:: Data provided ::
────────────────────

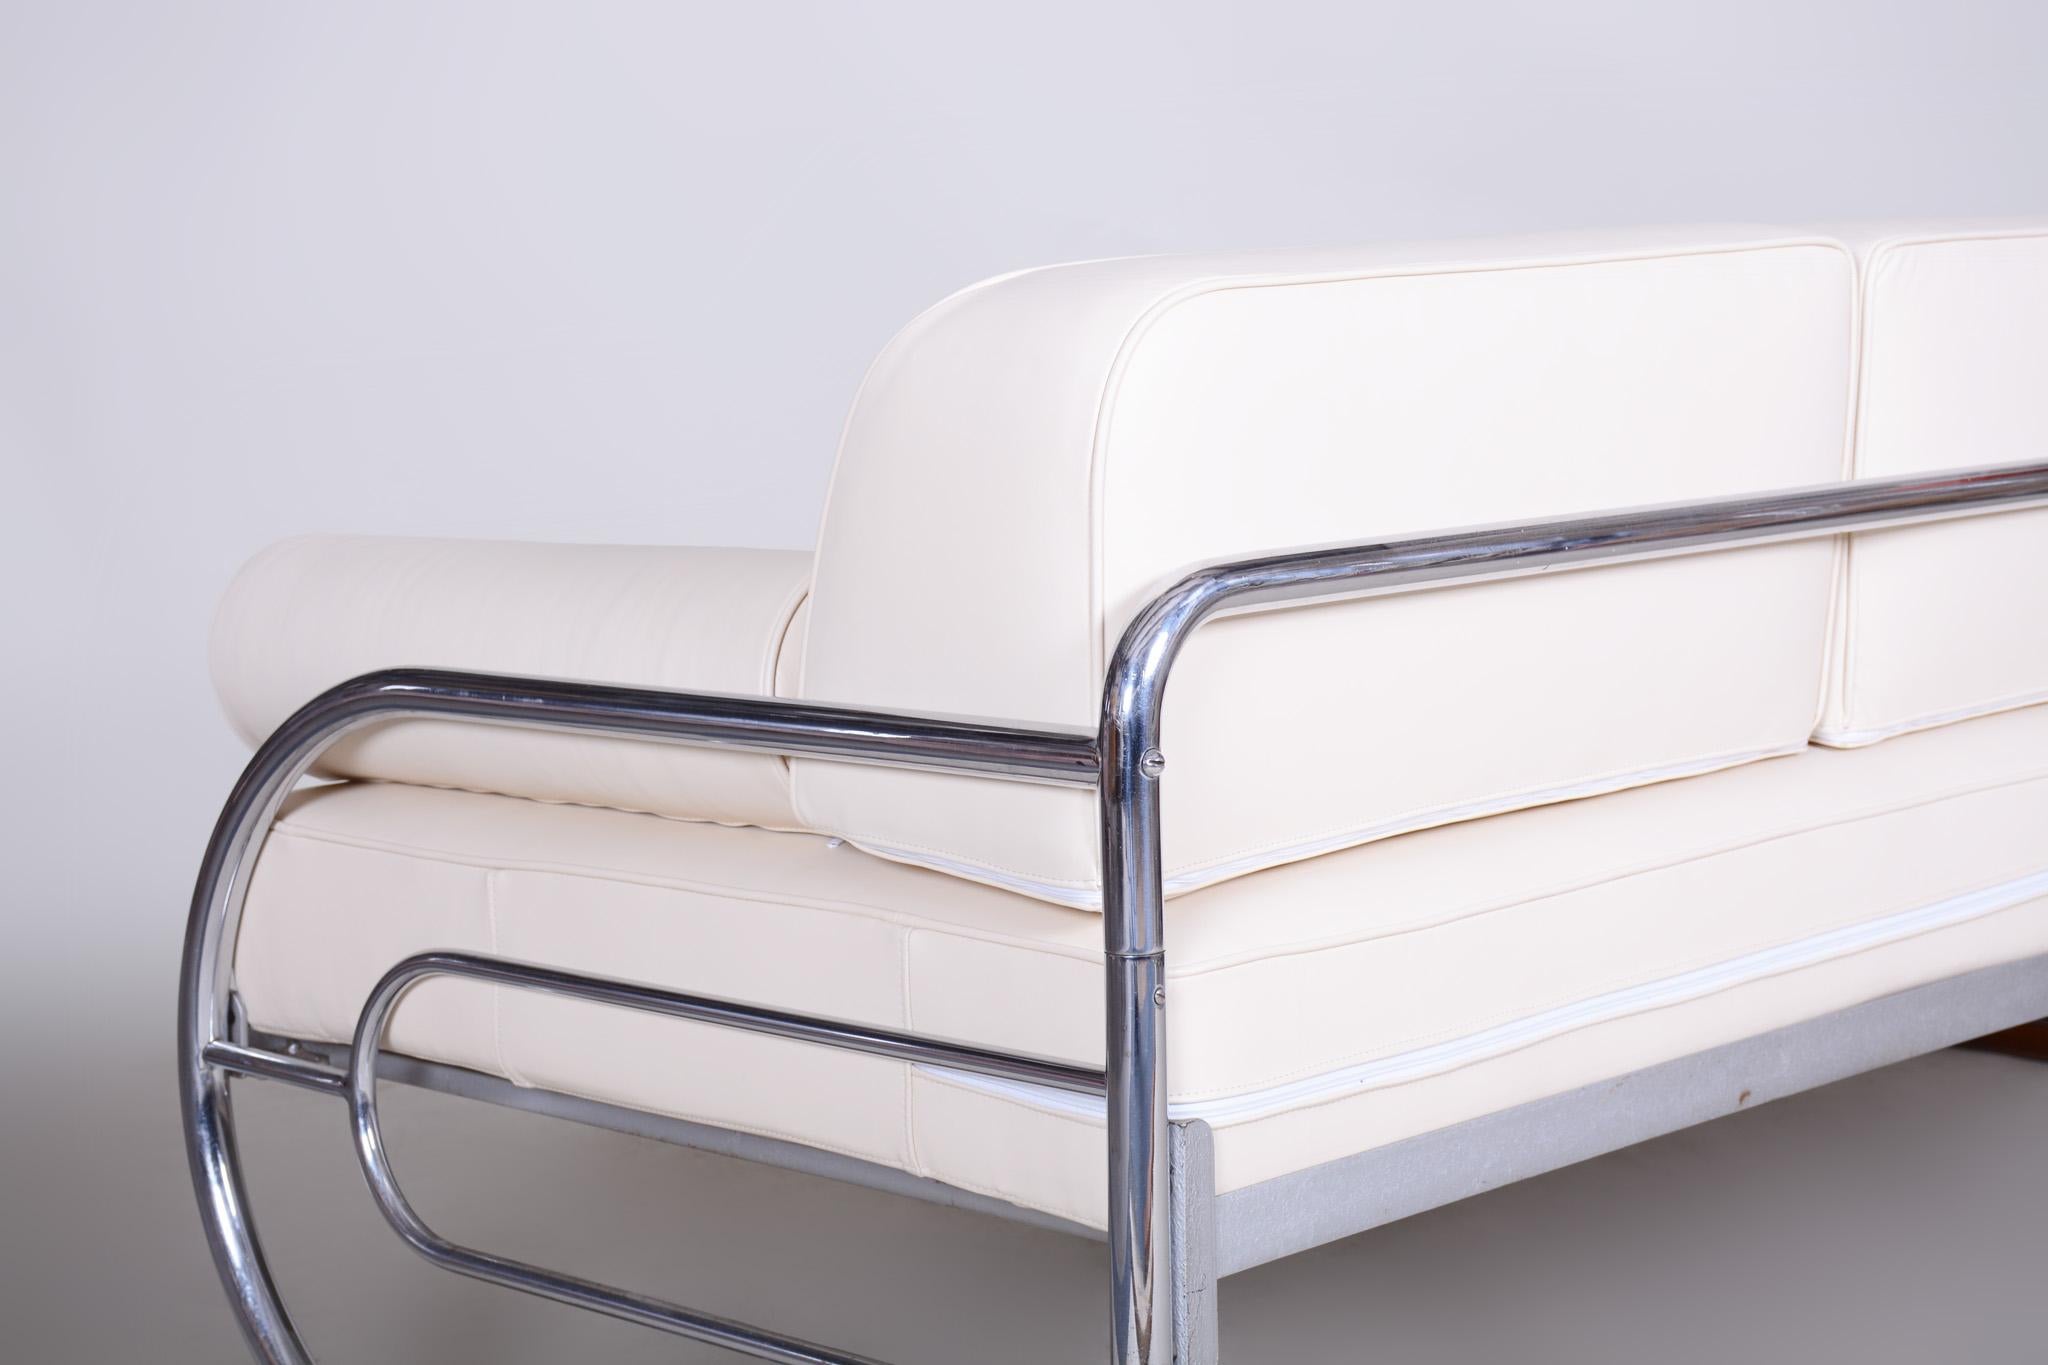 Sofa im Bauhaus-Stil mit einem Gestell aus lackiertem Holz und verchromtem Stahlrohr.
Hergestellt von Robert Slezák in den 1930er Jahren.
Das verchromte Stahlrohr ist in perfektem Originalzustand.
Gepolstert mit hochwertigem weißem

────────────────────

Using the material above, print word for word the lines from the one holding "Das verchromte Stahlrohr" through the last line.

:: Answer box ::
Das verchromte Stahlrohr ist in perfektem Originalzustand.
Gepolstert mit hochwertigem weißem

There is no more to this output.